Archiv für Mai 2010

Siri Hustvedt – The sorrows of an American

Eine lange Krankheit führt zu einem traumähnlichen Zustand, in dem Phantasien und Erinnerungen am Kranken vorüberziehen, heißt es in Schlinks „Der Vorleser“.
Siri Hustvedt beschreibt in ihrem Roman „The sorrows of an American“ (2008) auch solch einen Zustand, aber der Protagonist Eric ist nicht krank, sondern trauert.
Im ersten Jahr nach dem Tod seines Vaters fühlt sich der New Yorker Psychoanalytiker noch einsamer, als er es nach der Trennung von seiner Frau eh schon war. Nur zu seiner Schwester, der Schriftstellerin und Philosophin Inga und ihrer Teenie-Tochter Sonia hat er eine innige Beziehung. Als Eric die Memoiren und Briefe seines norwegischen Vaters liest, entdeckt er einen geheimnisvollen Brief, aus dem hervorgeht, dass dieser in einen Todesfall verwickelt war. Inga und Eric schließen sich zusammen, um der Sache auf die Spur zu kommen und befragen Verwandte. Eric geht die Tagebücher seines Vaters auf der Suche nach einem Schlüssel durch und Hustvedt lässt den Leser daran teilhaben: Ein Handlungsstrang des Romans besteht aus Tagebuchpassagen, die übrigens original von Hustvedts verstorbenem Vater stammen.
Eric beschäftigt aber auch die Jamaikanerin Miranda, die mit ihrer kleinen Tocher Eglantine in sein Haus gezogen ist.

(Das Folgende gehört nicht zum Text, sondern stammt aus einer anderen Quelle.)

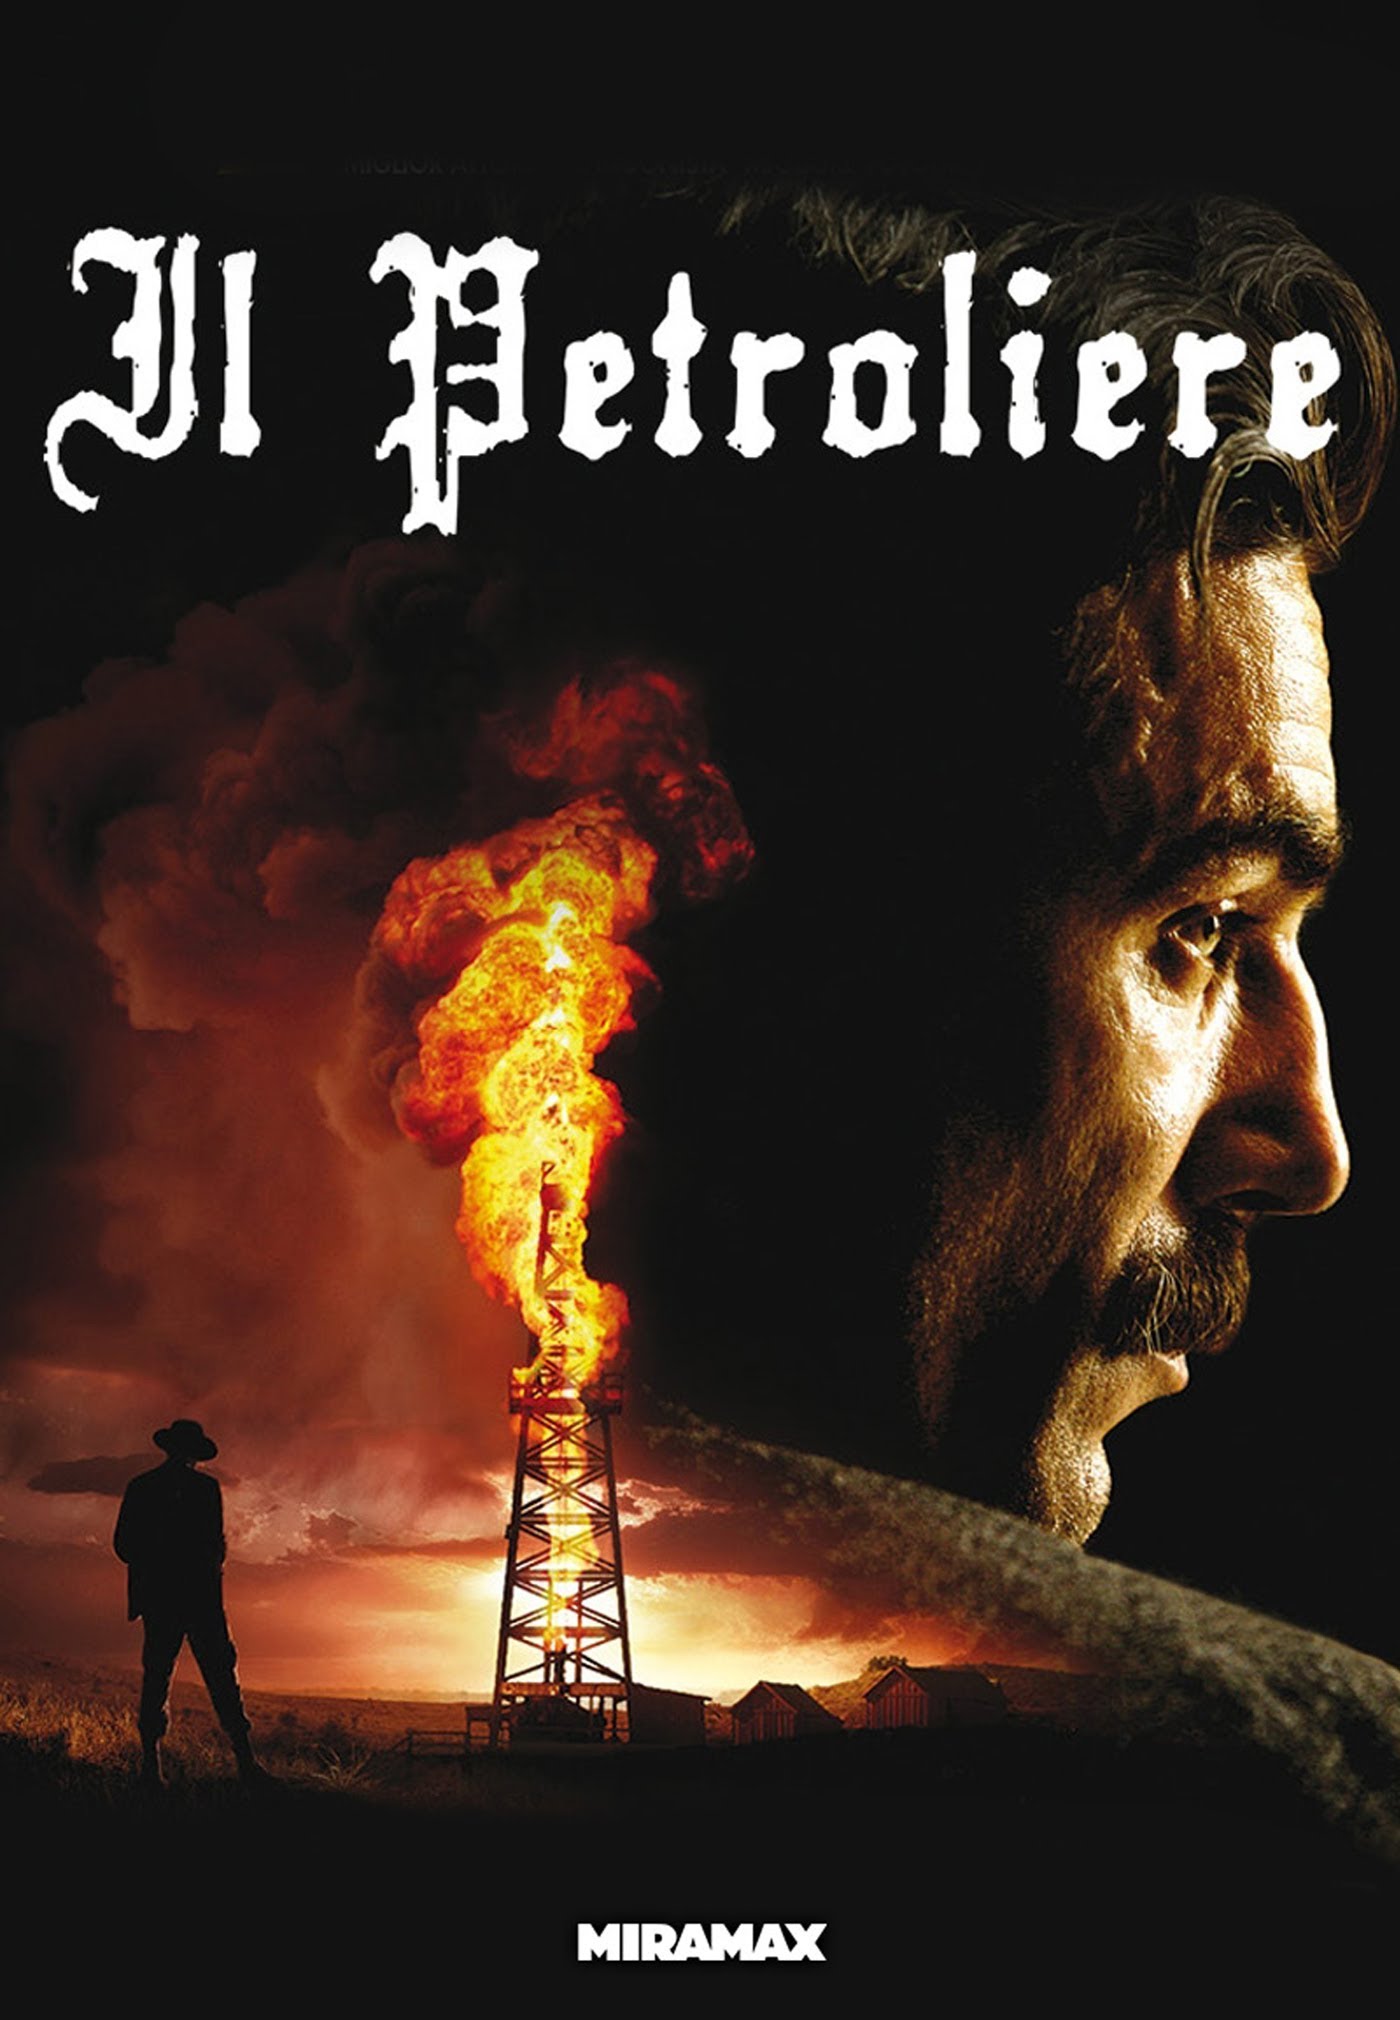 Il Petroliere [HD] (2007)

Er verliebt sich in die schöne und unnahbare Illustratorin und freundet sich mit der quirligen Eggie an. Umso mehr trifft ihn, dass anscheinend jemand die beiden stalkt.
Außerdem wird Inga von einer Journalistin verfolgt, die auf ein Geheimnis aus dem Leben ihres verstorbenen Mannes, des berühmten Schriftstellers Max, aus ist.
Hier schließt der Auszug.